"Multiply" 1d numpy array with a smaller one and sum the result

Question

I want to "multiply" (for lack of better description) a numpy array X of size M with a smaller numpy array Y of size N, for every N elements in X. Then, I want to sum the resulting array (almost like a dotproduct).

I hope the example makes it more clear:

Example
X = [0, 1, 2, 3, 4, 5, 6, 7, 8, 9]
Y = [1,2,3]

Z = mymul(X, Y)
  = [0*1, 1*2, 2*3, 3*1, 4*2, 5*3, 6*1, 7*2, 8*3, 9*1]
  = [  0,   2,   6,   3,   8,  15,   6,  14,  24,   9]

result = sum(Z) = 87

X and Y can be of varying lengths and Y is always smaller than X, but not necessarily divisible (e.g. M % N != 0)
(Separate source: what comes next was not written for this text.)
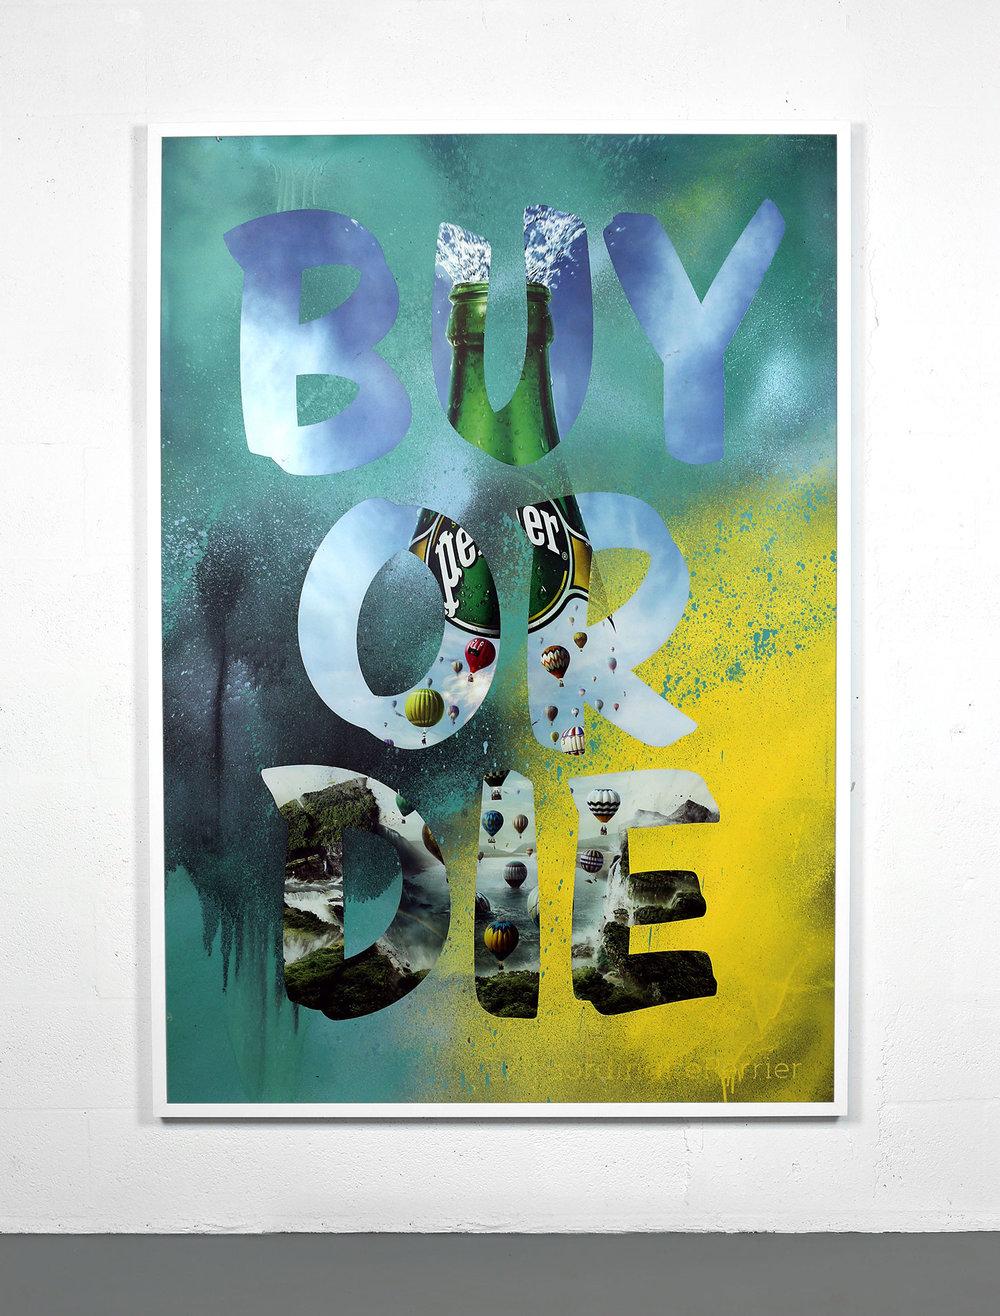 buy-or-die-pierre-dan-alva.jpg

I have some solutions but they are quite slow. I'm hoping there is a faster way to do this.

import numpy as np
X = np.array([0, 1, 2, 3, 4, 5, 6, 7, 8, 9], dtype=int)
Y = np.array([1,2,3], dtype=int)

# these work but are slow for large X, Y

# simple for-loop
t = 0
for i in range(len(X)):
  t += X[i] * Y[i % len(Y)]
print(t) #87

# extend Y M/N times so np.dot can be applied
Ytiled = np.tile(Y, int(np.ceil(len(X) / len(Y))))[:len(X)] 
t = np.dot(X, Ytiled)
print(t) #87

Answer 1

Resize Y to same length as X and then use matrix-multiplication -

In [52]: np.dot(X, np.resize(Y,len(X)))
Out[52]: 87

Alternative to using np.resize would be with tiling. Hence, np.tile(Y,(m+n-1)//n)[:m] for m,n = len(X), len(Y), could replace np.resize(Y,len(X)) for a faster one.

Another without resizing Y to achieve memory-efficiency -

In [79]: m,n = len(X), len(Y)

In [80]: s = n*(m//n)

In [81]: X2D = X[:s].reshape(-1,n)

In [82]: X2D.dot(Y).sum() + np.dot(X[s:],Y[:m-s])
Out[82]: 87

Alternatively, we can use np.einsum('ij,j->',X2D,Y) to replace X2D.dot(Y).sum().

Answer 2

You can use convolve (documentation):

np.convolve(X, Y[::-1], 'same')[::len(Y)].sum()

Remember to reverse the second array.